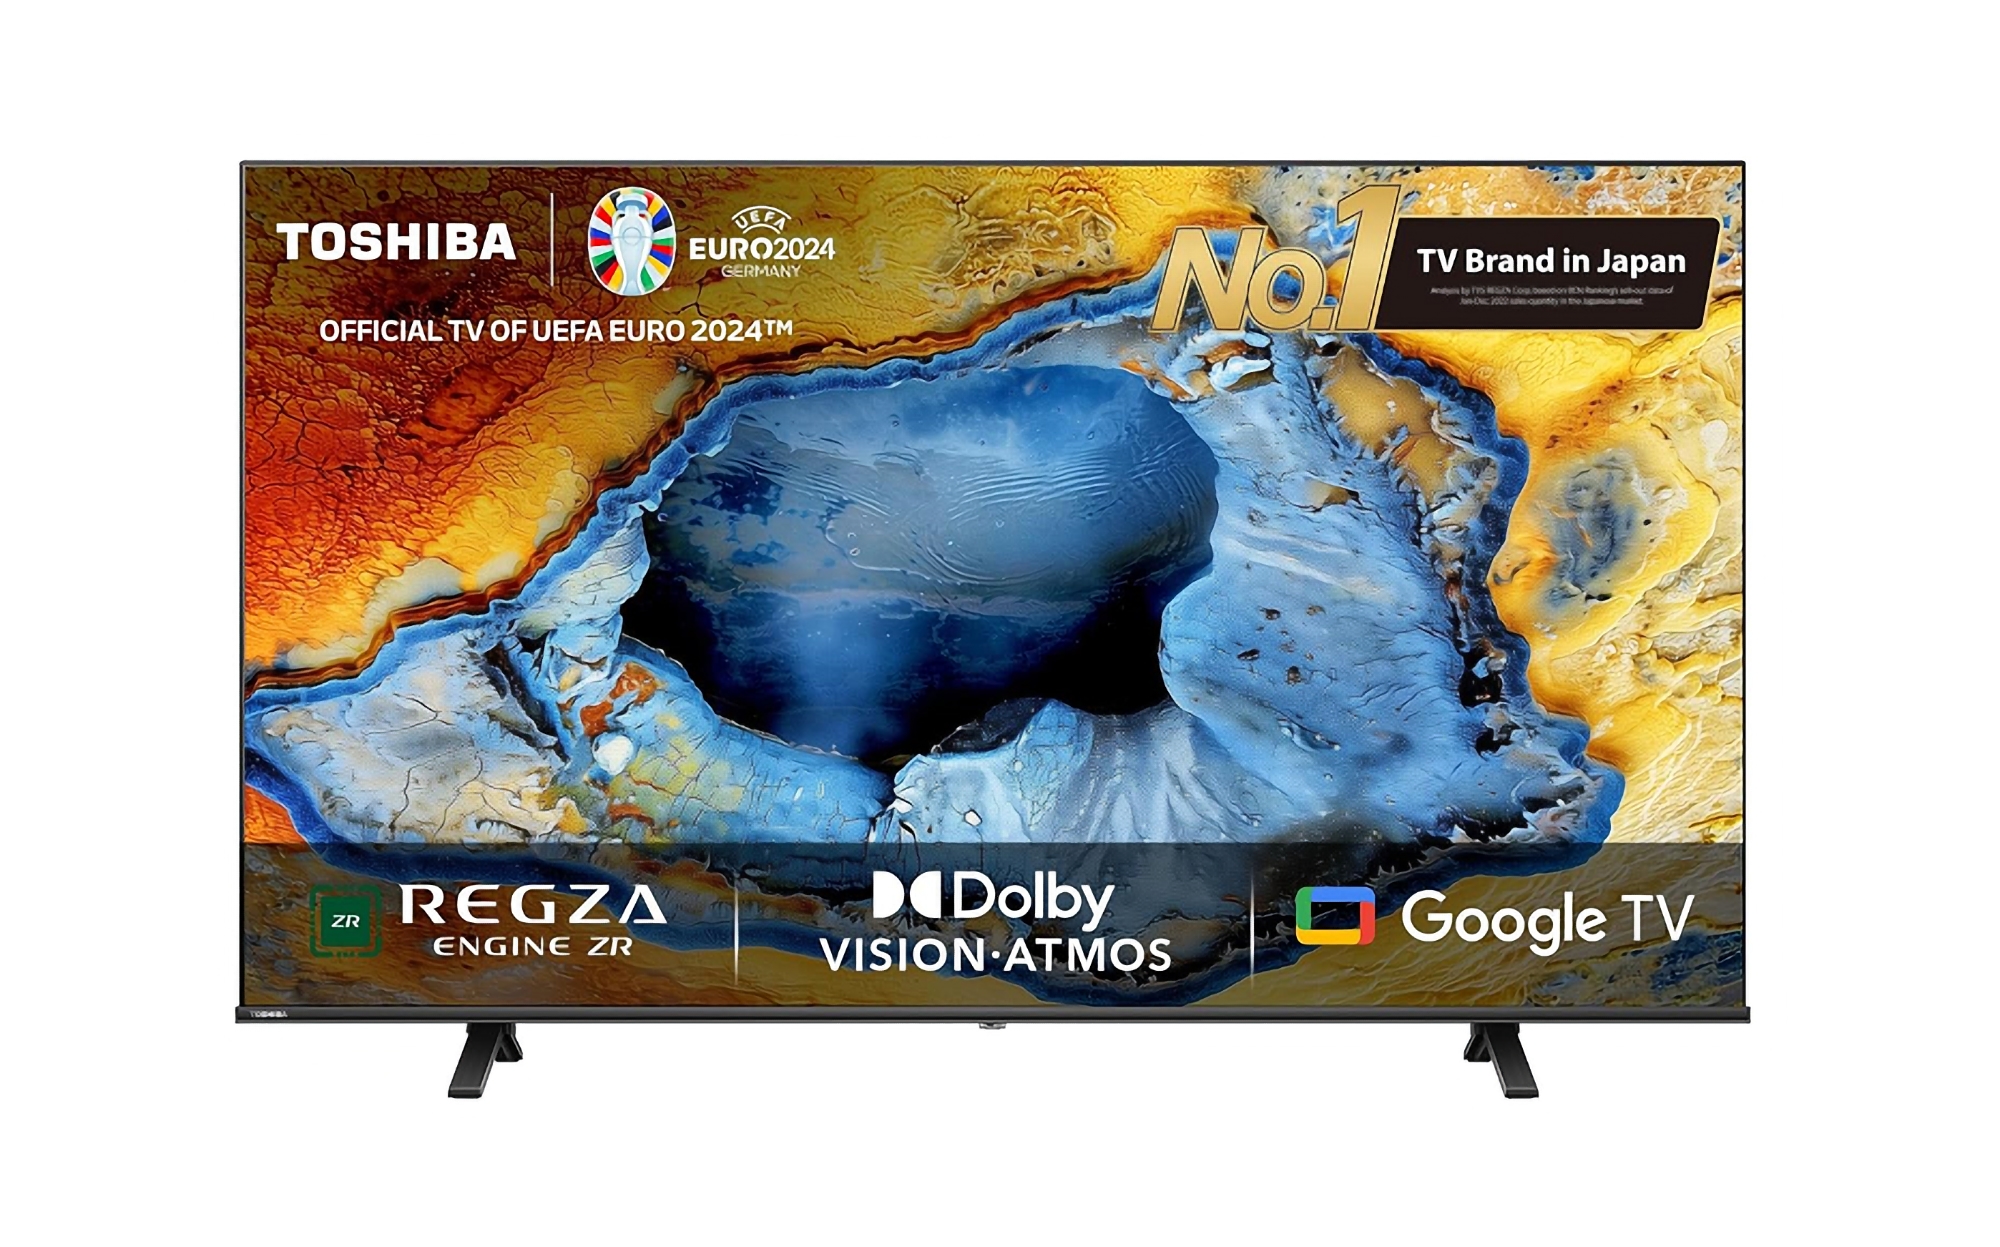 Toshiba has unveiled the C350NP series of TVs with screens from 43 to 75 inches, 4K resolution and Google TV on board
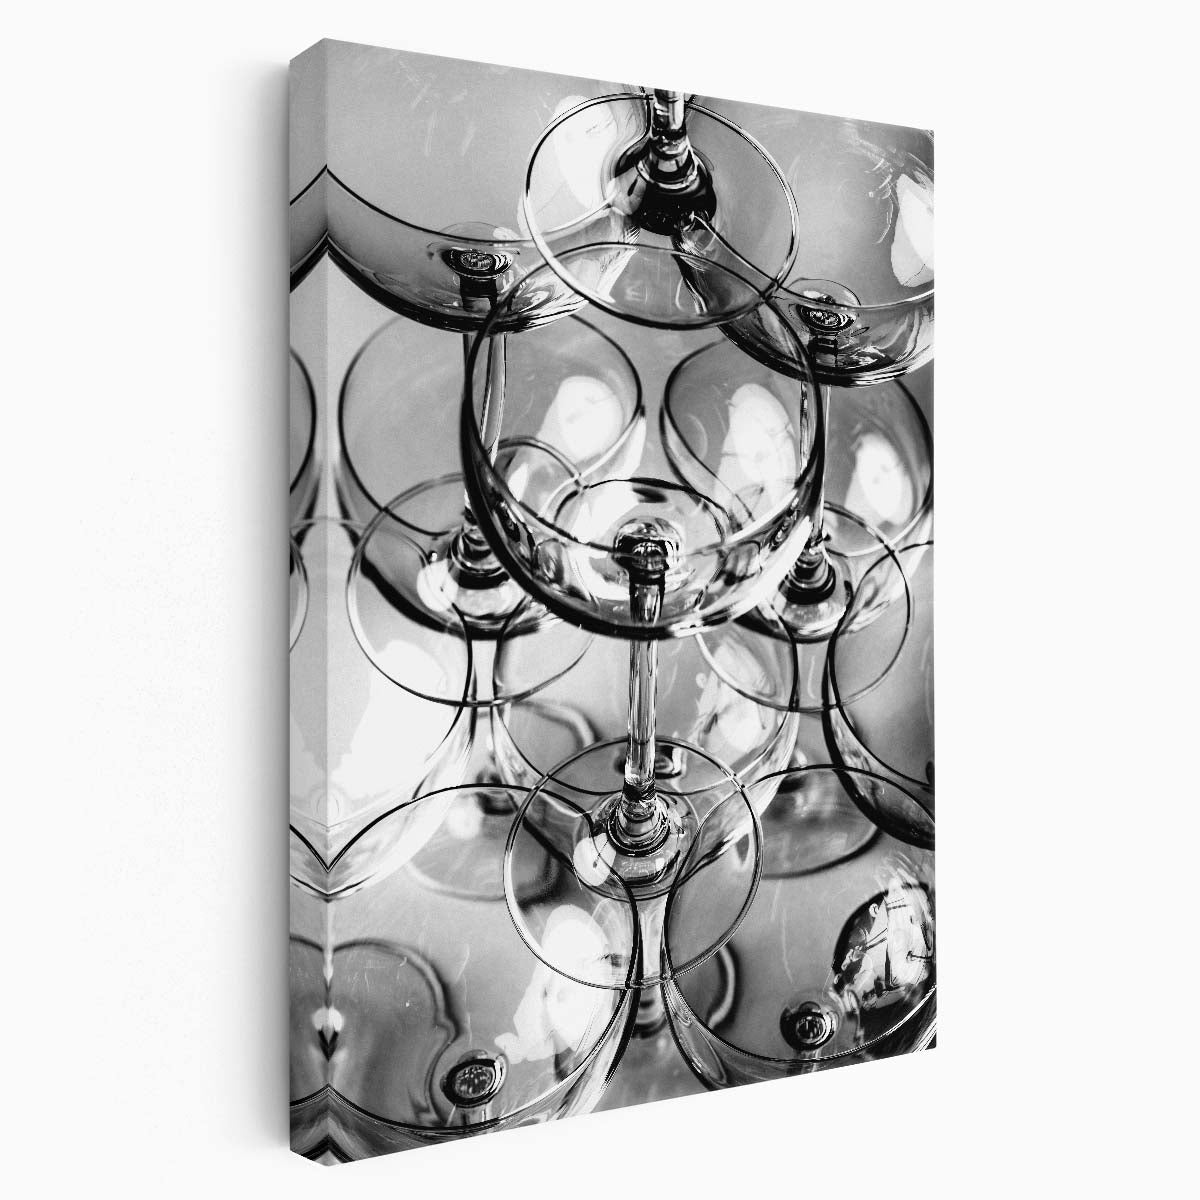 Monochrome Champagne Tower Photography - Abstract Cocktail Bar Art by Luxuriance Designs, made in USA
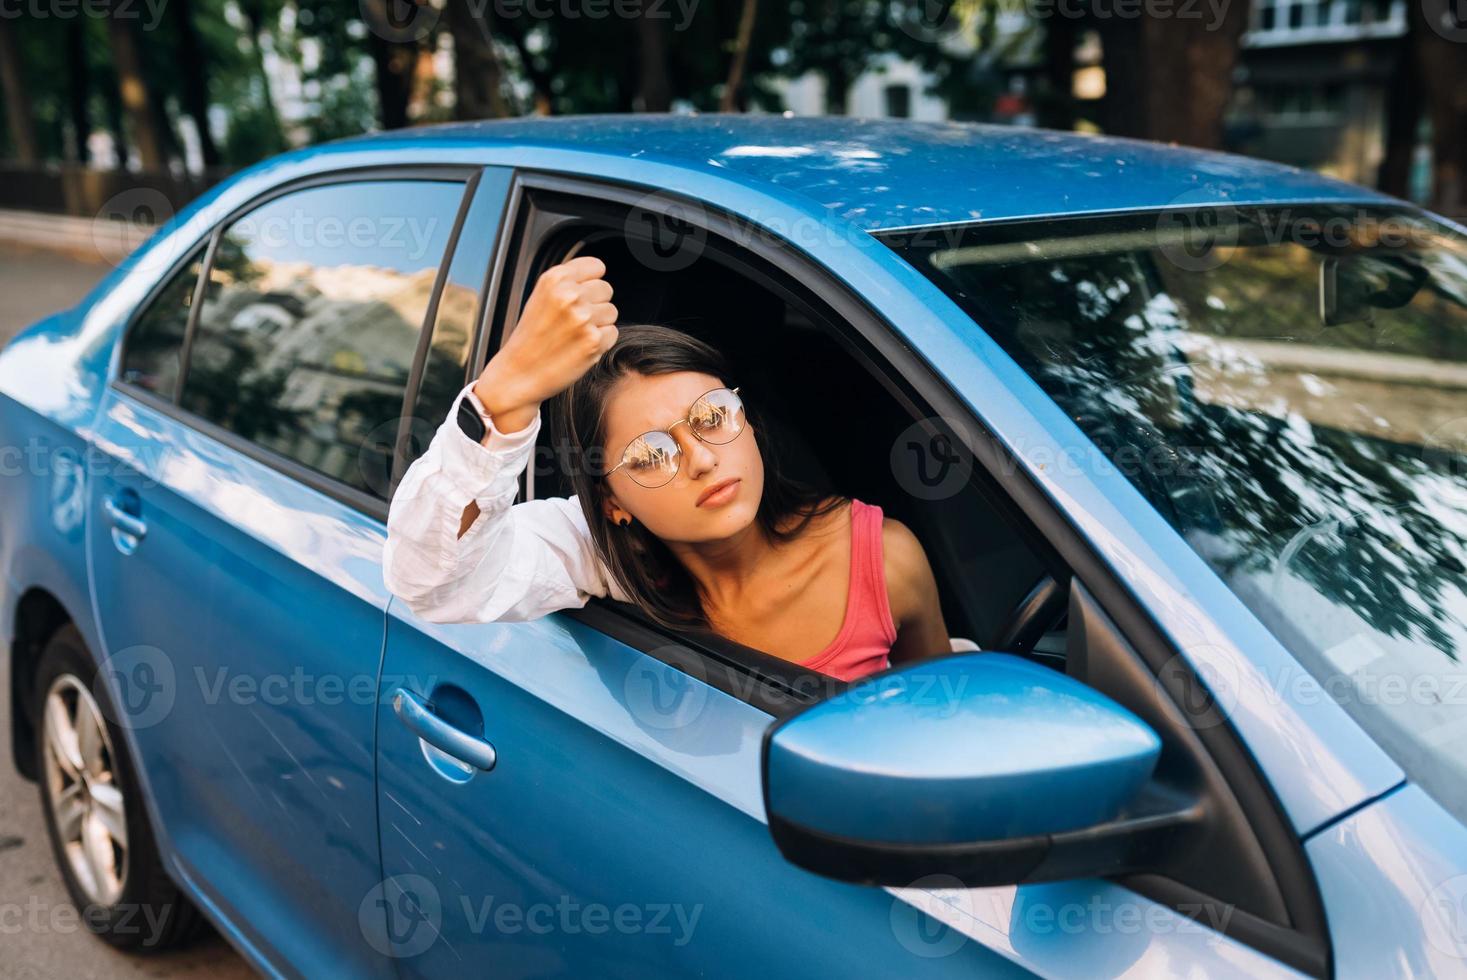 A young angry woman peeks out of the car window photo

### EXERCISE DESCRIPTION
Produce an exact copy of the lines from the line containing "Monochrome Champagne Tower" to the end of the material, both ends included, and omit every picture.

### RESULT OF THIS EXERCISE
 Monochrome Champagne Tower Photography - Abstract Cocktail Bar Art by Luxuriance Designs, made in USA
 A young angry woman peeks out of the car window photo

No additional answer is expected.